2 × (5, 1) + (1, 5) = (11, 7).

We want Consumer 2 to receive a bit more than

(6 − √ 5, 6 − √ 5) (3.764, 3.764)

so lets try (3.8, 3.8), which will give Consumer 2 a utility of 3.8 which is greater than u2(6 − √ 5, 6 − √ 5).

That leaves (11 3.8, 7 3.8) = (7.2, 3.2) left for Consumers 1 and 3, which we split equally between them, giving each (3.6, 1.6) and each a utility of 3.6 × 1.6 = 5.76, which is greater than the utility of 5 that they receive from (5, 5).

This illustrates an interesting fact. Recall that the core of the economy consists of all allocations such that no coalition of consumers can make all its members better off by redistributing the initial endowment of just the members of the group. What we’ve seen is that if we replicate the economy some points that were in the core of the original economy are no longer in the core of the replicated economy. In fact, for any allocation that is not an equilibrium allocation there is some number k of replications of the economy such that if the economy is replicated k times then that allocation is not in the core of the economy. Loosely we say that as the economy becomes large the core of the economy shrinks to the set of competitive allocations.

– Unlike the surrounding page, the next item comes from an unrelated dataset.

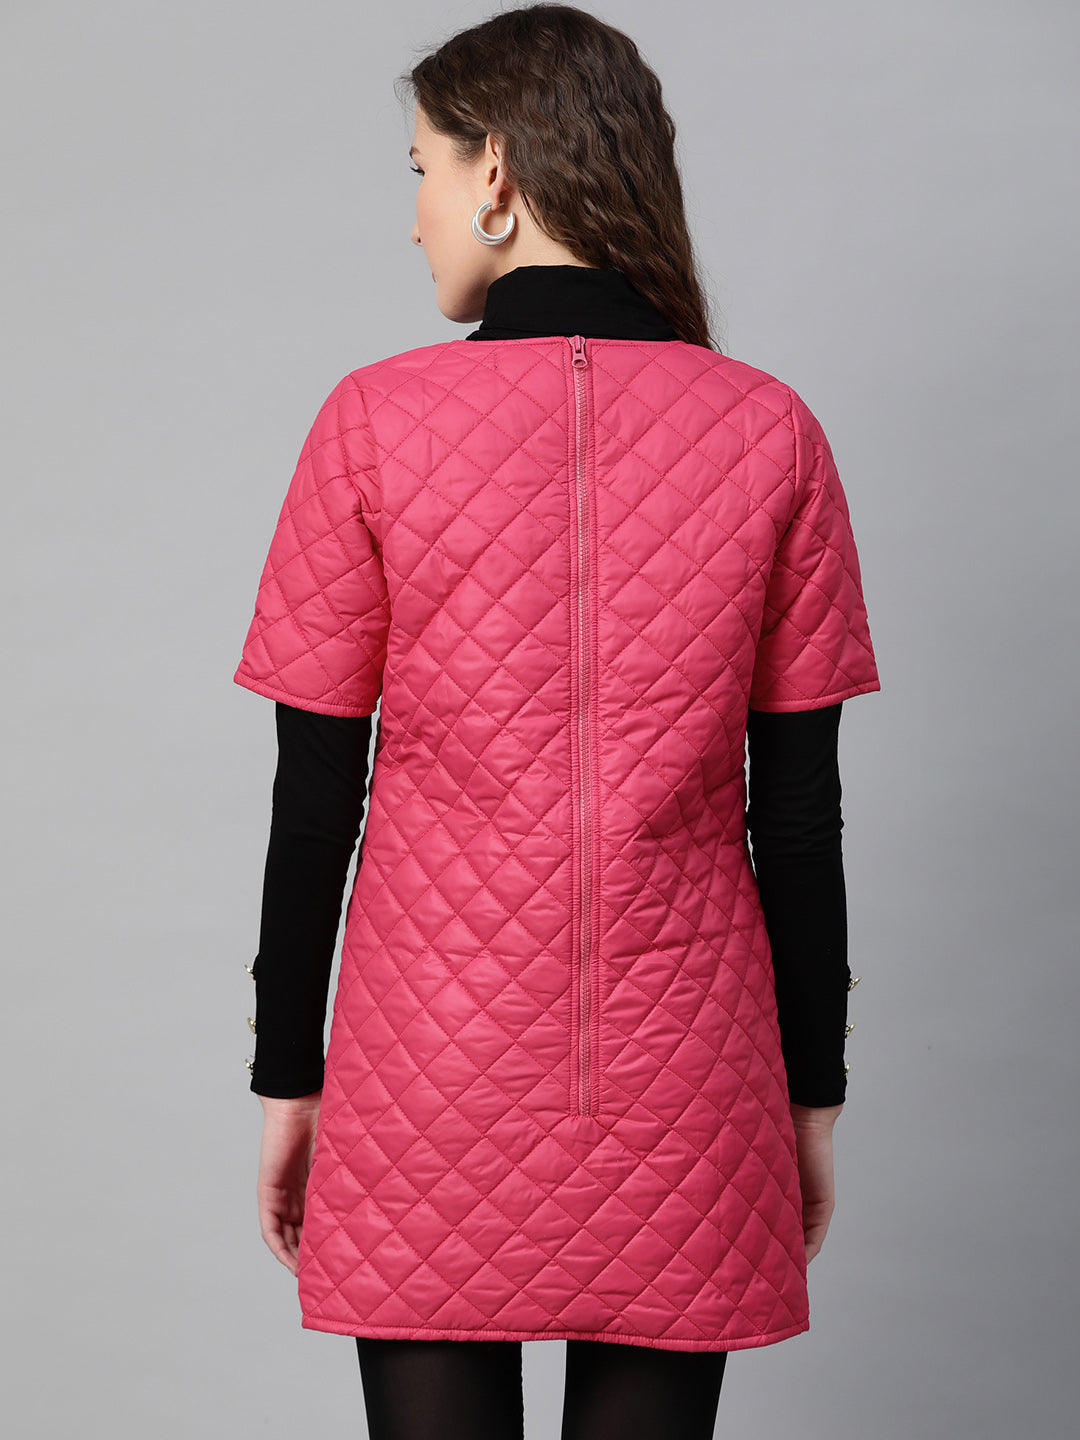 Fuchsia Quilted Shift Dress

### Exercise 11.    经济学练习代写

Prove the Theorem 2 from Module 11.2. [This is essentially the same as the proof of the First Welfare Theorem, but for all coalitions, not just the grand coalition N. You do need to be careful that we are not assuming local nonsatiation and the definition of blocking (by coalition N) is stronger than the notion of Pareto improving (and so the requirement that the allocation not be blocked by coalition N is weaker than the requirement that the allocation be Pareto efficient.]

### Exercise 12.

Give a definition of a coalition weakly blocking a feasible allocation that is more similar to the way we have defined Pareto improving, and a corresponding notion of the strict core. Show that if every consumer’s preferences are locally nonsatiated then the strict core and the core coincide.